# LCD or Plasma for PS3



## andres_sz (Jan 3, 2008)

Im getting a PS3 this september but i would also like to have a good definition on my screen so i wanted to ask if you could give me advice in choosing a HDTV with good perfromance for gaming and as a regular HDTV


----------



## sockerdudex (Jan 4, 2008)

well thats by far LCD. see the thing about gaming is you will have a bad experience with ghosting if you dont get the right tv. gam should be played on an LCD wiht 5ms or less response time. any CRT is far high enough to meet that. Do not get a plasma, you will have the worst gaming experience. Get an LCD, but make sure you get one with a fast response time. the faster the response time the better 

btw, get 360 not PS3 , but thats for another thread...


----------



## sup2a (Oct 9, 2007)

lol the ps3 was decided in a last thread =p 

i would defiantly have to say LCD, Plasmas burn.... bad stuff lol knew some guy who paused for an hour, came back and Halo 2 was burnt into his screen for good! LCDs are also very good for glare while plasmas u can barely see a thing, also when looking for an LCD get a good brand (if you can afford) and a FULL highdef (ready of course) if you want to play ps3 to its top! Sony Bravia...damn i cant remember the model! D i think is a decent price but Sony seem to be the best, they have a much clearer image than ALL the others i have seen. Make sure you get the 100hz model.... it all really depends on money! but go to a reputable store like JB or of the sort and talk to them! they will have much more advanced information... Then again dont just take some1s word on it! your gonna be spending a fair bit for a tv u gotta love it, you have to like the features and the general look (outside of the screen and the screen!)


----------



## thaspraya (Aug 2, 2006)

sup2a said:


> lol the ps3 was decided in a last thread =p
> 
> i would defiantly have to say LCD, Plasmas burn.... bad stuff lol knew some guy who paused for an hour, came back and Halo 2 was burnt into his screen for good! LCDs are also very good for glare while plasmas u can barely see a thing, also when looking for an LCD get a good brand (if you can afford) and a FULL highdef (ready of course) if you want to play ps3 to its top! Sony Bravia...damn i cant remember the model! D i think is a decent price but Sony seem to be the best, they have a much clearer image than ALL the others i have seen. Make sure you get the 100hz model.... it all really depends on money! but go to a reputable store like JB or of the sort and talk to them! they will have much more advanced information... Then again dont just take some1s word on it! your gonna be spending a fair bit for a tv u gotta love it, you have to like the features and the general look (outside of the screen and the screen!)

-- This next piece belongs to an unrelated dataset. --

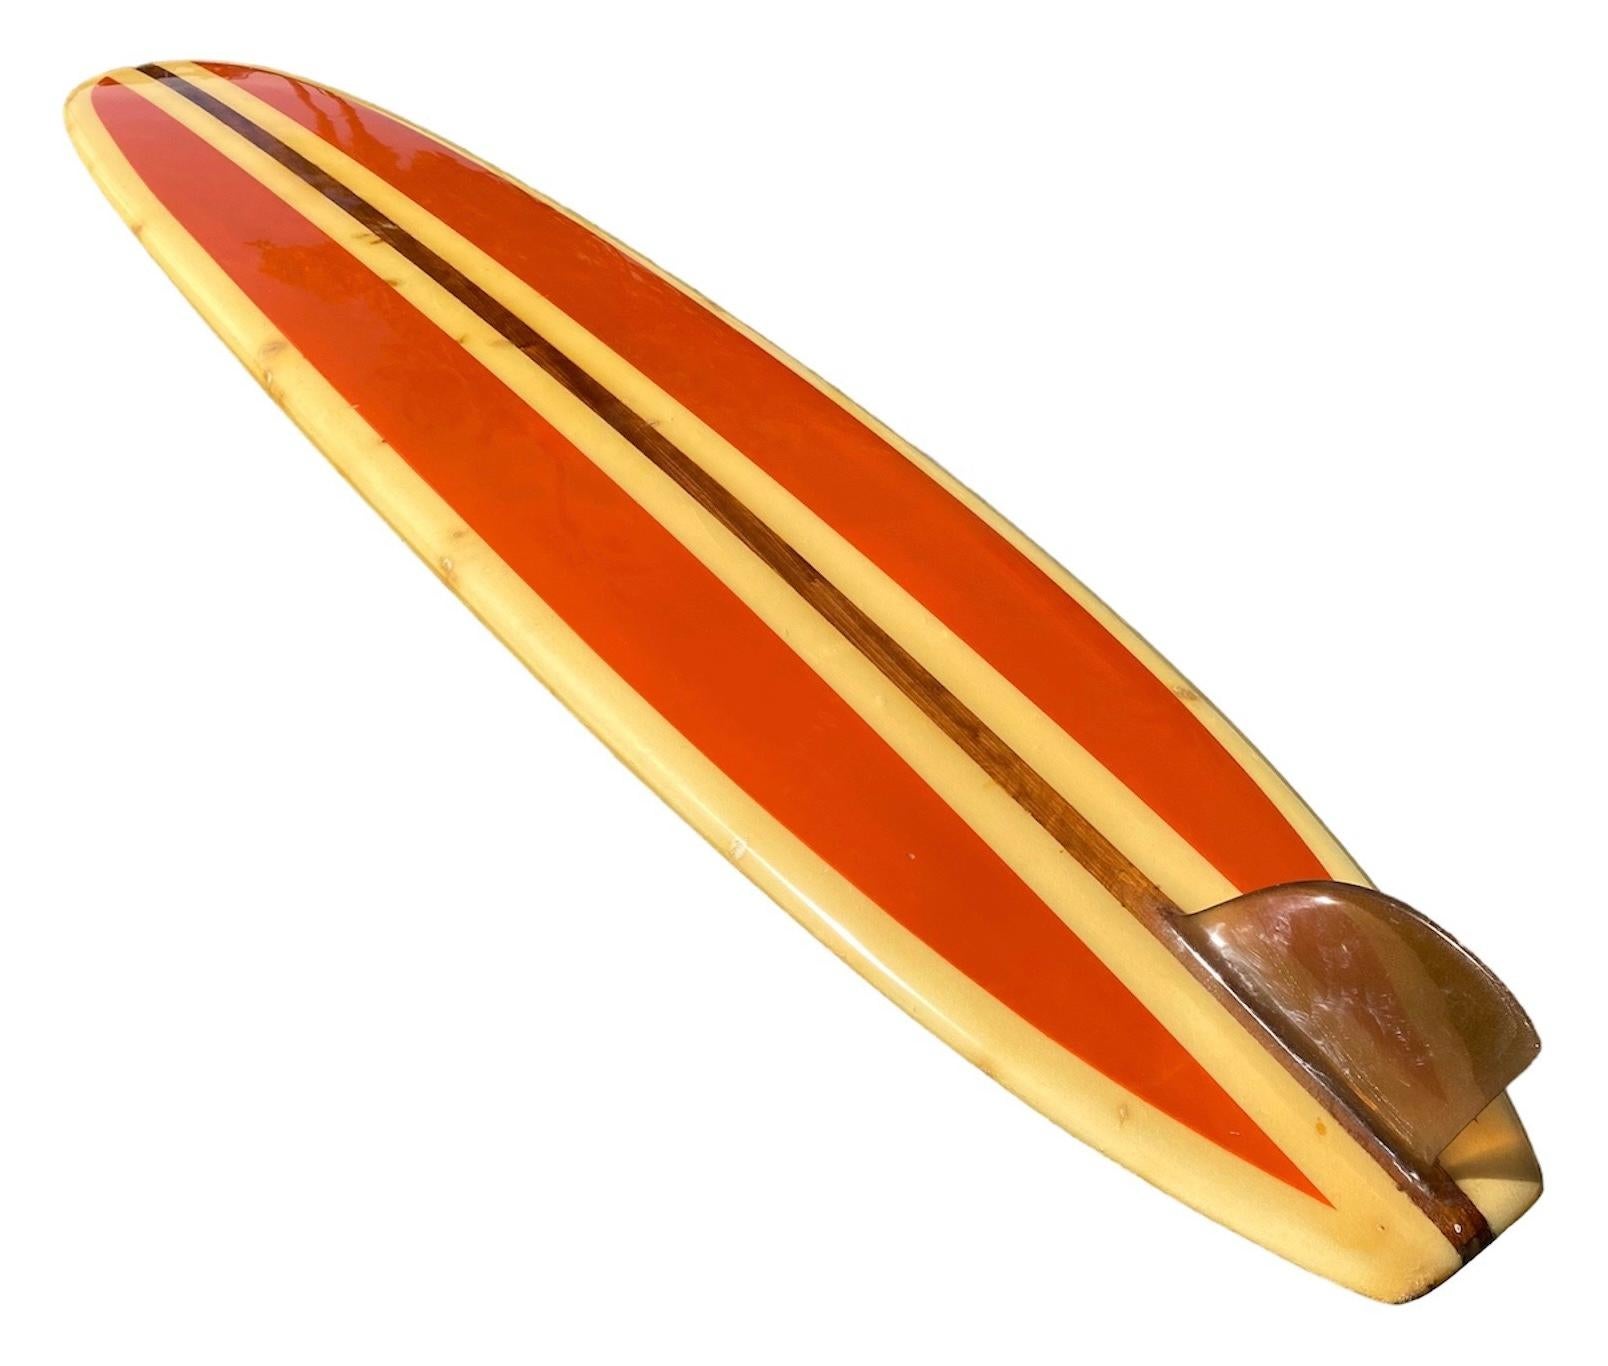 Early-1960s Vintage Ten Toes classic longboard. Features gorgeous orange pigment panels with redwood stringer and glassed-on fin. A remarkable example of a classic early 60s longboard in all original condition.

Sorry for offtopic-ness - The people at TSG probably know more than the people who work at those shops  And also, they'll just try to get you to buy the most profitable(for them) TV


----------



## andres_sz (Jan 3, 2008)

i really dont have that much money... compared if i lived in çUSA everything is cheaper there so something about 1000 or less than 2000 USD is the range of the money i would likely spend on an LCD as you said its the best for gaming


----------



## keysergauss (Feb 12, 2008)

hdtv with 1080p


----------



## Couriant (Mar 26, 2002)

I have a 43" Plasma and I have no problems with burn-in... after I had Final Fantasy XII burnt in the first one after a week (returned it for a new one ) Most TVs have options to prevent burn in. I do not get any ghosting issues ethier.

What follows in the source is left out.